Create a transformation pipeline:

In [30]:
transformations = transforms.Compose([
    transforms.RandomHorizontalFlip(),
    transforms.RandomRotation(20),
    transforms.ToTensor(),
    transforms.Normalize((0.5, 0.5, 0.5),(0.5, 0.5, 0.5))
])

Use the datasets module to create the training dataset:

In [31]:
train_data = datasets.CIFAR10('CIFAR10', train=True, download=True, transform=transformations)

Downloading https://www.cs.toronto.edu/~kriz/cifar-10-python.tar.gz to CIFAR10/cifar-10-python.tar.gz


  0%|          | 0/170498071 [00:00<?, ?it/s]

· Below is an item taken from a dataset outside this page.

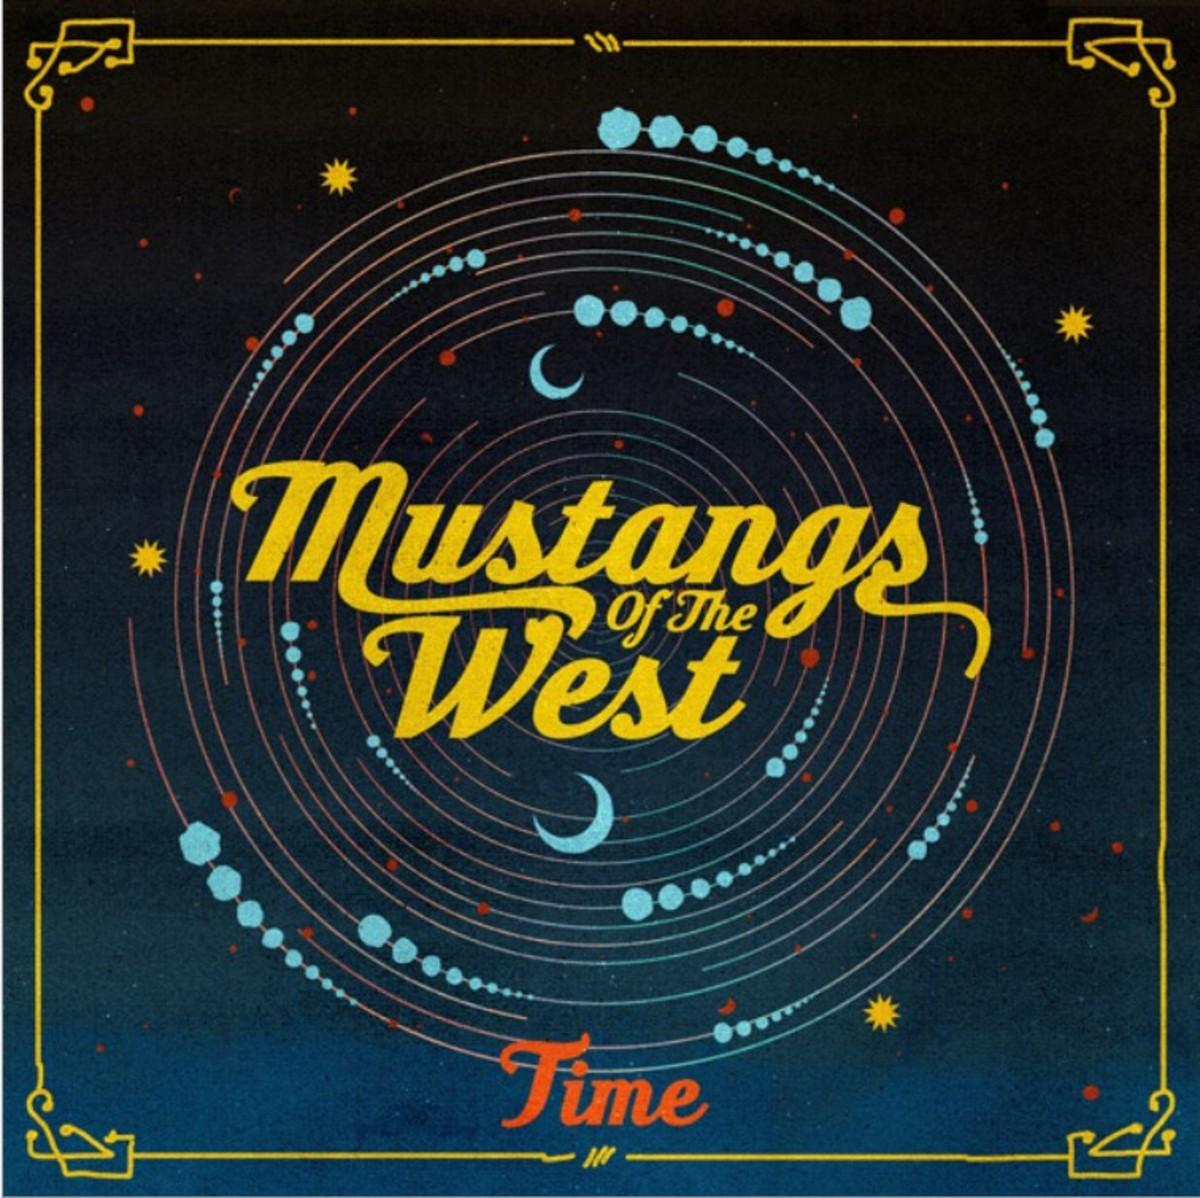 Mustangs Time
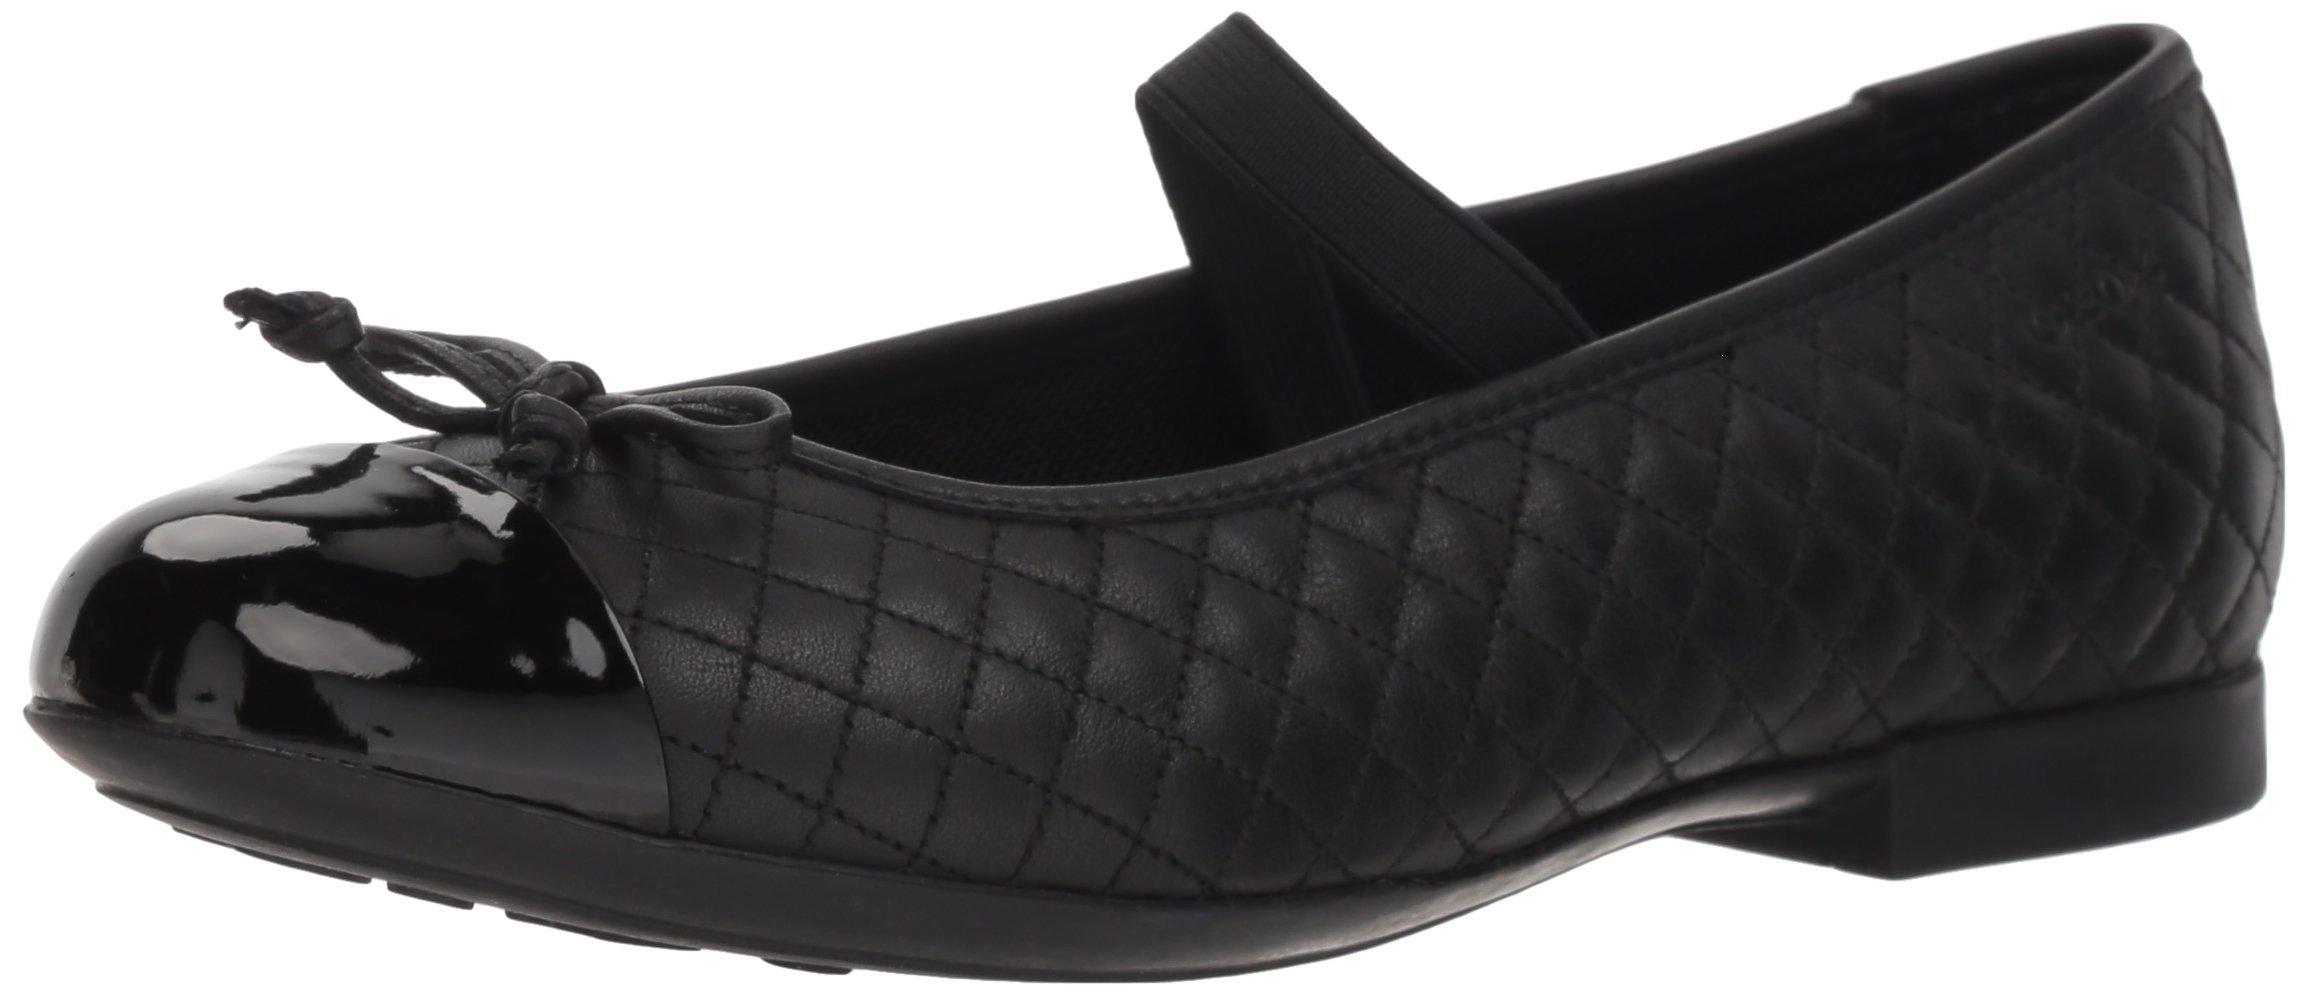 Geox Girls' Plie 49 Quilted Leather Slip-On Ballet Flat Mary Jane, Black, 32 Medium EU Little Kid (1 US)

Extracting CIFAR10/cifar-10-python.tar.gz to CIFAR10


In [32]:
test_data = datasets.CIFAR10('CIFAR10', train=False, download=True, transform=transformations)

Files already downloaded and verified


In [33]:
len(train_data), len(test_data)

(50000, 10000)

Create a validation set from our training set; for this, we will make an import from the torch module:

In [35]:
from torch.utils.data.sampler import SubsetRandomSampler
import numpy as np

In [36]:
validation_size = 0.2
training_size = len(train_data)
indices = list(range(training_size))
np.random.shuffle(indices)
index_split = int(np.floor(training_size * validation_size))

In [37]:
validation_indices, training_indices = indices[:index_split], indices[index_split:]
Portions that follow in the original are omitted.